Most of these pieces are partially implemented, especially in products like GitHub and BitBucket. What is needed is a much better integration with the languages. The bottom line is that languages should embrace "social programming" and implement a platform similar to GitHub/BitBucket that enables developers for easy collaboration.

from http://amix.dk/blog/post/19475

masklinn · on Dec 20, 2011

> Essentials of this platform are:

I think most of your ideas are wrong, and are in fact what hamper pypi: the desire to have everything built in.

You mention CPAN, the CPAN ecosystem has most of the features you describe, but virtually none of these come from CPAN itself. Instead, they come from what people have built on top of and alongside CPAN, CPAN mostly hosts package data and metadata and provides the core on which everybody else can build useful services (search engines, bug trackers, comments systems, testing/CI systems, CPAN.pm/CPANPLUS, etc...)

Pypi has made huge progress in the "search & discovery" category not from improvements to pypi but from `pip` being separately created. Pypi tried to add reviews and reputations, it stank and was removed.

> A language's standard library should be a democracy where the best and most used libraries win

No, a standard library is a core of broadly useful batteries, just because "Rails" or "LXML" are very popular does not mean they belong anywhere near a standard library.

tmcw · on Dec 20, 2011

Nah. Making a nicer, more informative npmjs.org is totally doable and likely an eventuality.

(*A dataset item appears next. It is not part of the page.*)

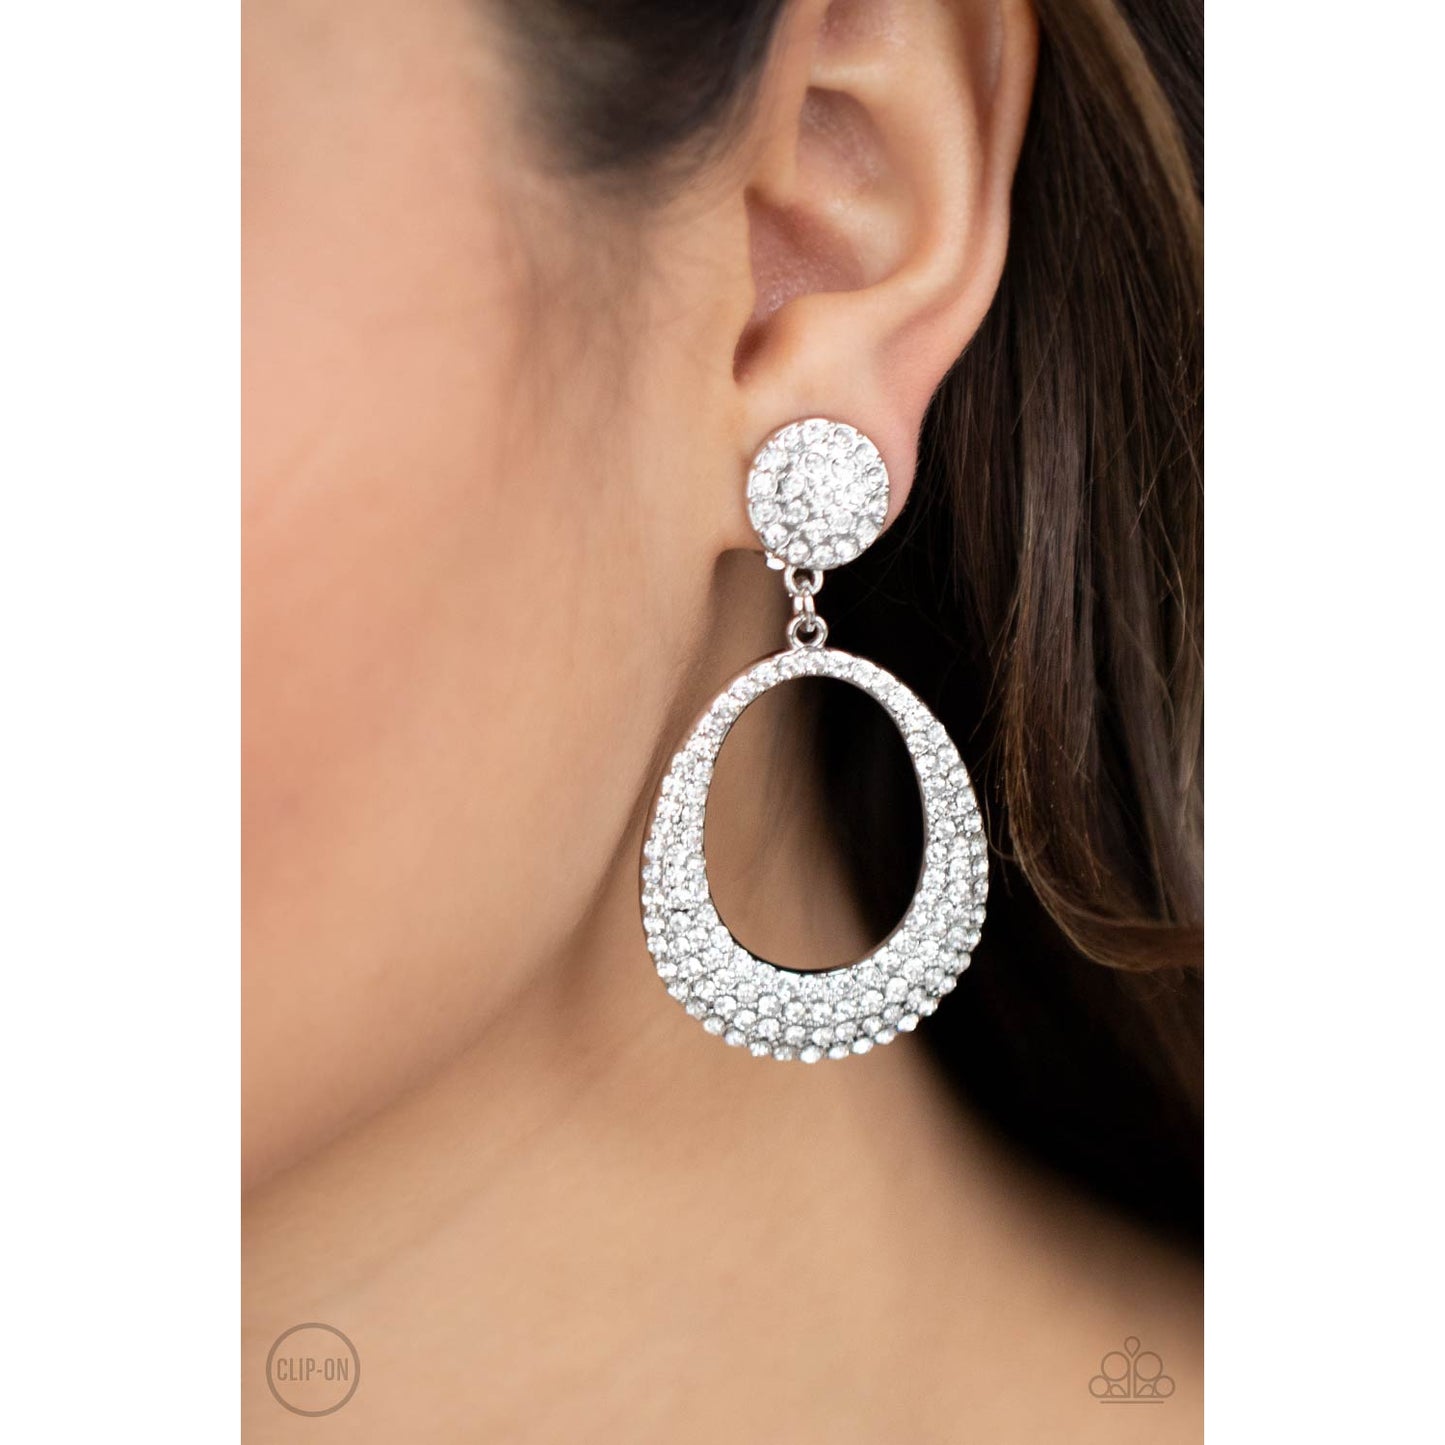 Sophisticated Smolder - White Rhinestone Earrings - Paparazzi Accessories - GlaMarous Titi Jewels

Making a package manager that only occasionally triggers the rage of picky programmers is one heck of an accomplishment.

maxogden · on Dec 20, 2011

In practice (for developers that write javascript well) it takes about 10 seconds of glancing through node package code on github to determine quality.

zgohr · on Dec 20, 2011

Talk about an excellent problem to be running into.

mikl · on Dec 20, 2011

Yes, this is truly a good kind of problem to have – but a problem none the less :)

mcantelon · on Dec 20, 2011

#nodejs irc.freenode.net

If the Github watch count for a Node module can't help you pick, just ask the hundreds of people who are always in the IRC channel.

In the Drupal world someone who proposes a module that duplicates an existing module that does things badly can be blocked. That's a bad policy because one size fits all leads to wearing burlap sacks.

The fact that npm is not a planned economy is brilliant. If you want to add ratings, etc., npm is backed by CouchDB and thereform ridiculously each to build upon. In addition to being able to freely read npm repo info, you can also extend package.json info with your own fields. I remember when drupamodules.com came out, providing a solution for rating Drupal modules (something drupal.org still doesn't have, AFAIK). The guy who made it got grief for not making something blessed by the mothership.

As an example of how CouchDB helps make npm awesome, wanna find every field used in npm package.json files? Boom (thanks to Isaac S for this tidbit)!

http://registry.npmjs.org/-/fields?group=true

krisroadruck · on Dec 20, 2011

This is the same type of thing that soured me on python. Choice overload.